Figure 2: Effect of incoherence on seismic ground displacements

Under spatially varying support excitations, the response of a bridge can be expressed as the sum of two components: a pseudo-static component and a dynamic component. The pseudo-static component, which is zero in the case of uniform support excitations, is the static response of the bridge to the differential support displacements prescribed by the spatially varying ground motions at each time instant. Under uniform soil conditions, the effects of incoherence and wave passage tend to decrease the dynamic response due to random cancellations. However, by inducing a pseudo-static response component, these effects may increase or decrease the total bridge response, depending on the structural characteristics and the ground motion field. Thus, even in the case of uniform soil conditions, accounting for the spatial variability of ground motion is important. The additional consideration of the differential site-response effect tends to increase the pseudo-static component, whereas the influence on the dynamic component depends on the types of soils considered. In all cases, neglecting the spatial variability of ground motion may or may not be on the safe side. Thus, incorporating all three effects of incoherence, wave passage and site response in the earthquake response analysis of bridges is necessary.

 

Analysis approaches

 

A thorough investigation of the response of bridges to differential support excitations is performed employing response spectrum and time-history analysis methods. Response spectrum methods are based on the random vibration approach and thus, provide a statistical measure of the response, not controlled by a particular set of selected ground motions. In contrast with the random vibration approach that remains rather uncommon in engineering practice, response spectrum methods are particularly appealing from a design standpoint. The Multiple Support Response Spectrum (MSRS) method (Der Kiureghian and Neuenhofer, 1992), obtains the mean of the peak structural response in terms of the response spectra and peak ground displacements at the support points of the structure and the coherency function characterizing the ground motion spatial variability. This method properly accounts for cross-correlations that occur between the support motions and between modal responses. However, as a method employing modal superposition, the MSRS method is necessarily limited to linear analysis. One way to account for non-linear behavior is to conduct Response History Analysis (RHA) for specified time histories of ground motions at the support points of the structure.

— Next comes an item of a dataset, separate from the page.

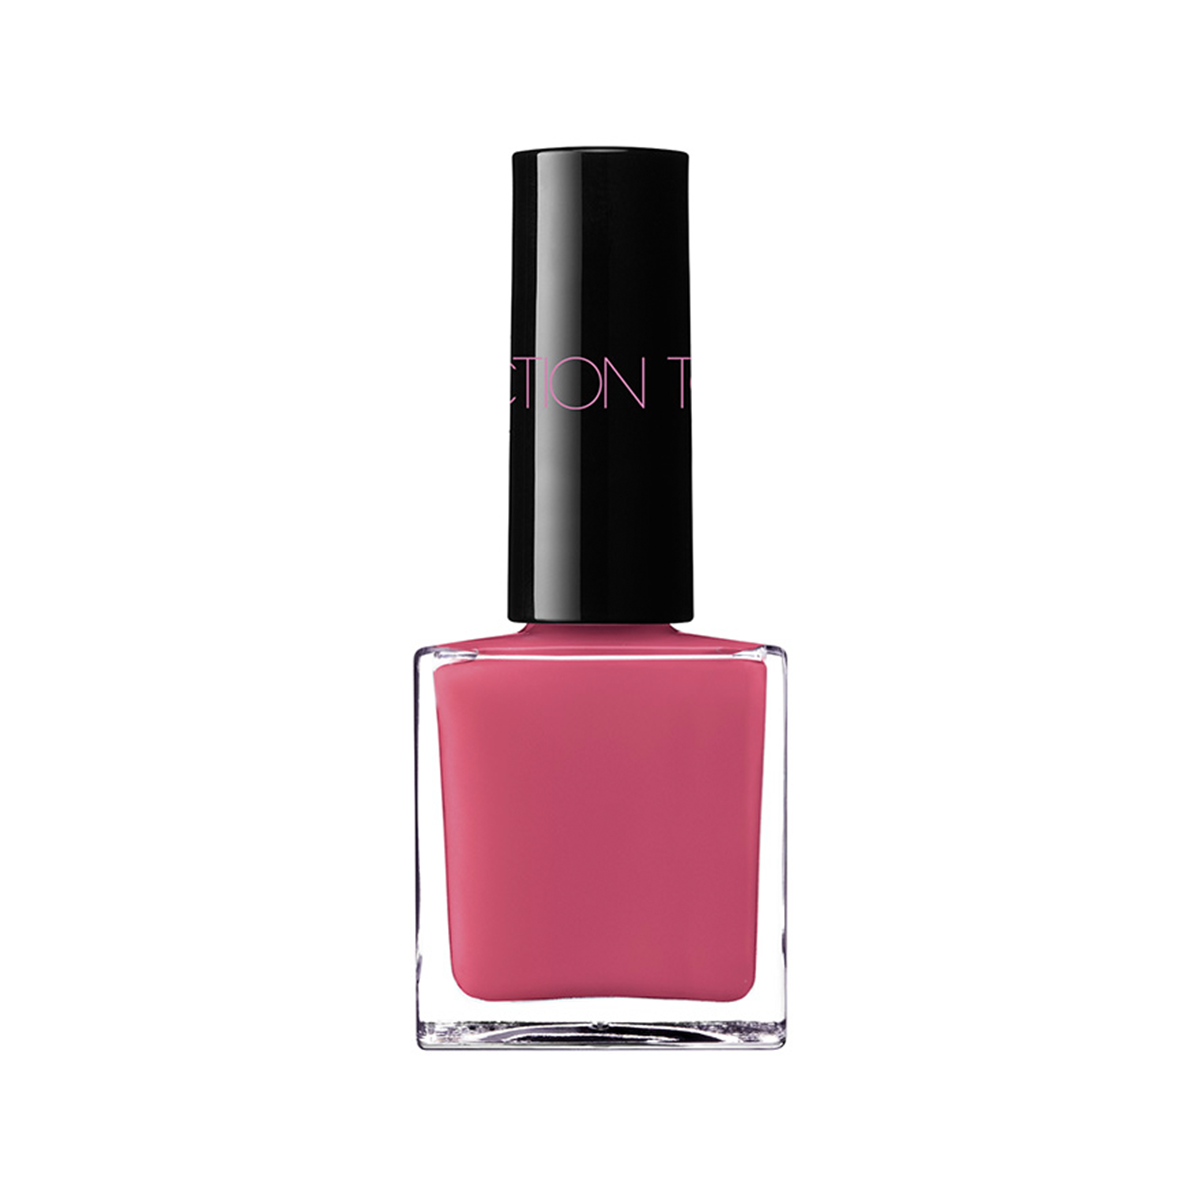 THE NAIL POLISH “ETERNAL IN PINK”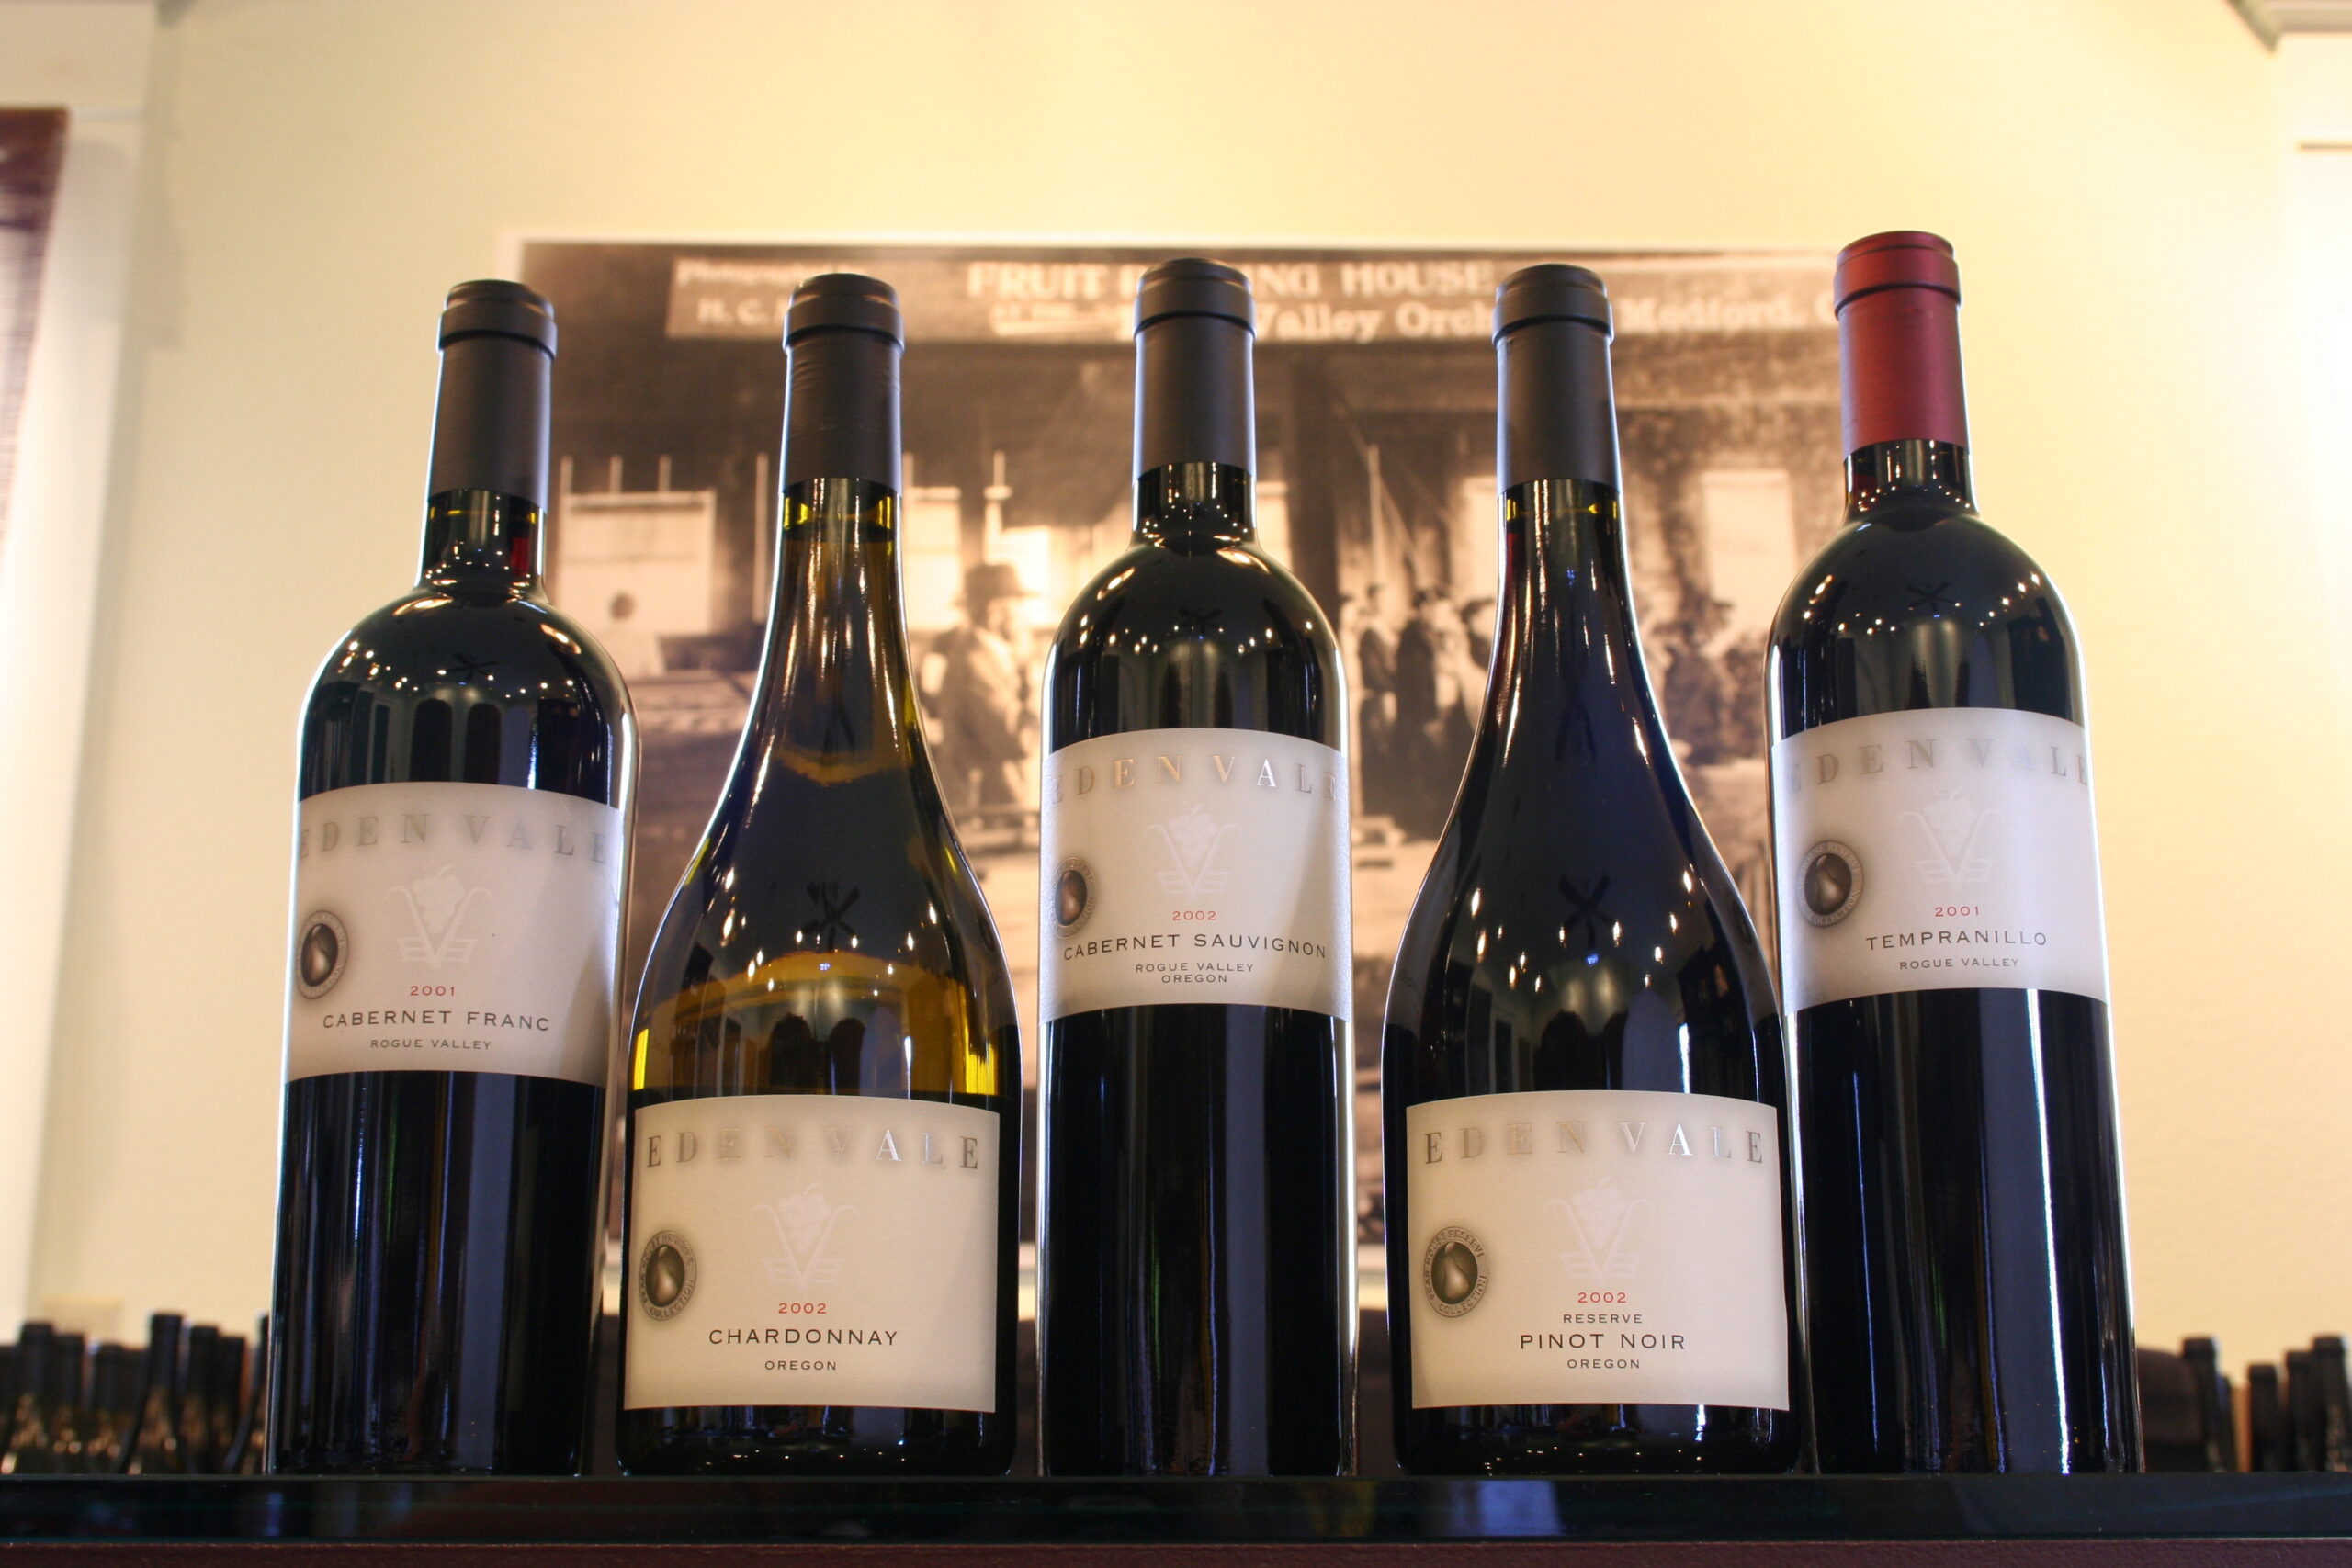 close-up image of five wine bottles with edenvale labels in front of a historic black and white photograph on the wall

Since recordings of closely spaced earthquake motions are rare, non-linear RHA of multiply supported structures must rely on synthetic ground motions. For both approaches described above, analysis tools are developed and comprehensive parametric studies enhance the understanding of bridge response to spatially varying excitations. More details are given in the following.

 

Main developments and findings

Response spectrum method

Generalization and extension of the MSRS method: The original MSRS formulation only considered response quantities that could be expressed as linear combinations of the displacements at the unconstrained degrees of freedom (DOF) of the structure. The generalized formulation also allows consideration of response quantities that involve one or more support DOFs, e.g., drifts of bridge pier (Konakli and Der Kiureghian, 2011). The extended version of the MSRS rule accounts for the quasi-static contribution of truncated high-frequency modes and achieves improved approximations with small additional computational effort (Konakli and Der Kiureghian, 2011).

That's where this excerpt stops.